Published : Sept. 23, 2019 - 17:21
A website carrying information about Buddhist paintings from the Goryeo Kingdom (918-1392) currently held at US museums has been launched.
The digital catalogue, “Goryeo Buddhist Painting: A Closer Look,” launched by the Cultural Heritage Administration and the US-based Freer and Sackler Galleries, was revealed to the public Saturday.
The website carries information about the 16 Goryeo paintings owned by eight museums in the US: Freer and Sackler Galleries (three), Metropolitan Museum of Art (five), Museum of Fine Arts, Boston (three), Asian Art Museum, San Francisco (one), Brooklyn Museum (one), Arthur M. Sackler Museum, Harvard University Art Museums (one), Cleveland Museum of Art (one) and Rhode Island School of Design Museum (one).
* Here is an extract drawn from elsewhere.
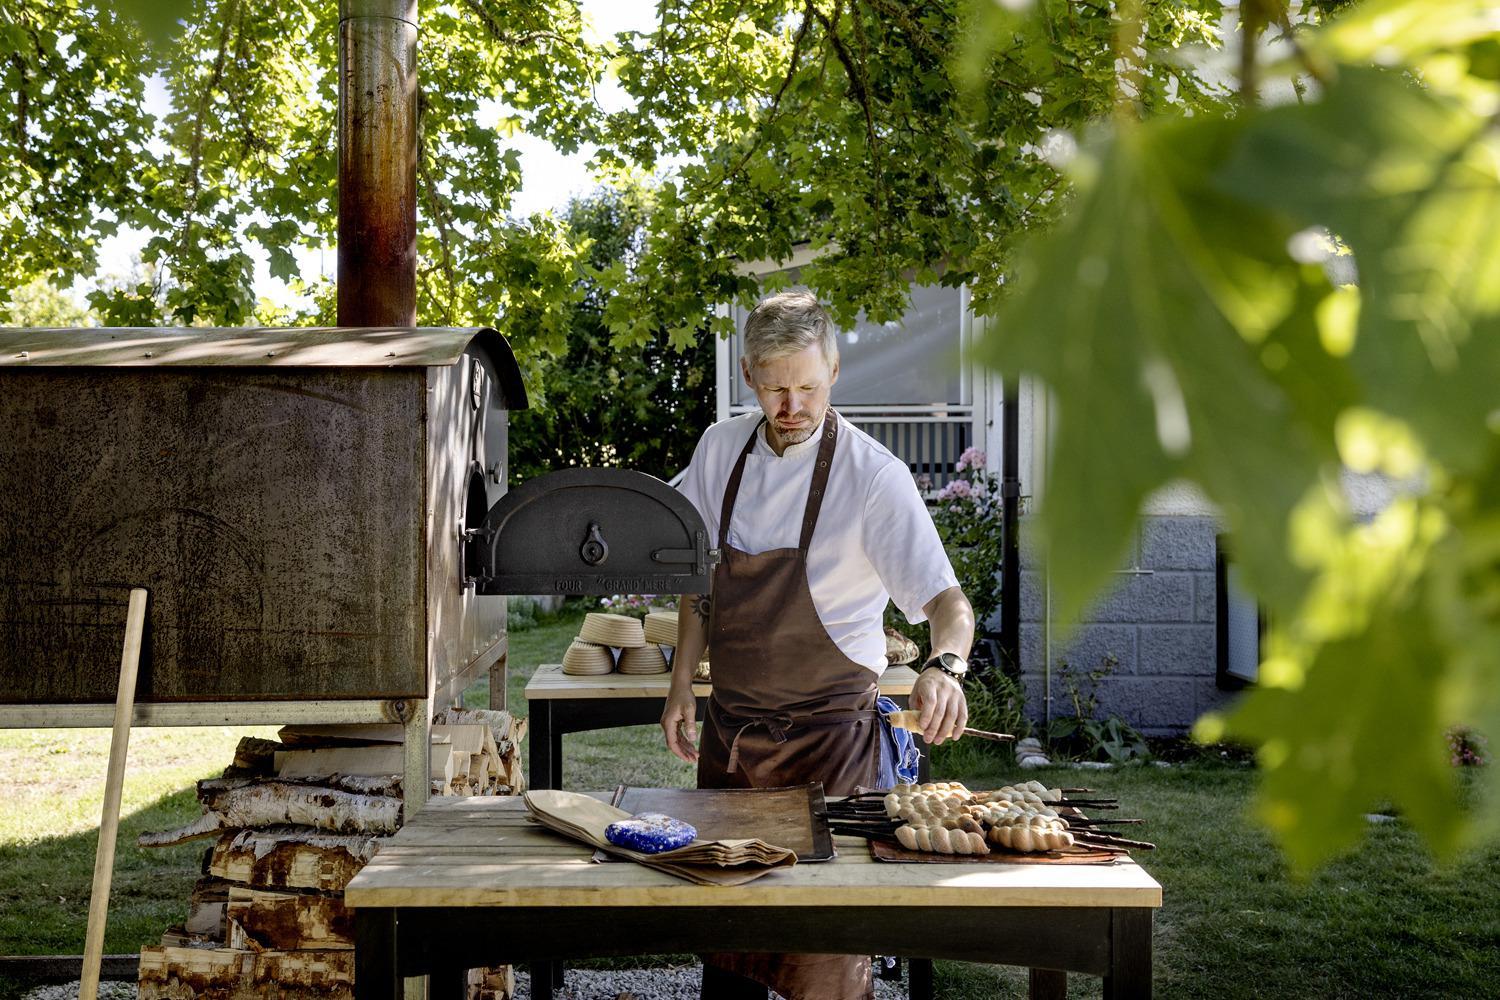 Un chef cuisinier est debout à côté d'un four à bois dans un jardin.

“Water-Moon Avalokiteshvara (Suwol-Gwaneum-Do)” Cultural Heritage Administration
According to CHA, it funded the Freer and Sackler Galleries in its creation of the website that started in 2013, which include detailed research and high-resolution images.
The website, accessible online at archive.asia.si.edu/publications/goryeo, has six sections of objects, people, essays, resources, a selected bibliography and a pattern library. The objects section displays the paintings in high resolution images alongside related information. The essays section features research about the paintings in Korean and English.
CHA officials noted that expert contributions from Chung Woo-thak, professor emeritus at Dongguk University, and J. Kieth Wilson, curator of Freer Gallery of Art and Arthur M. Sackler Gallery, was crucial in putting together the website. They are credited with the high-resolution imaging, interpretation and translation of the artworks, credit line research and website revision for the past seven years.
“What makes this catalogue special is the high-resolution, detailed images that allow viewers to have a close look at these rare paintings ... visual documentation captures close details of motifs, materials, and techniques that uniquely characterize thirteenth- and fourteenth- century Korean Buddhist paintings and distinguish them from similar works painted elsewhere in East Asia,” Wilson said.
CHA said it will continue research with the Freer and Sackler Galleries for sustained conservation of Goryeo Buddhist paintings. It also vowed to create other platforms for people worldwide to easily access and appreciate Korea’s cultural heritage.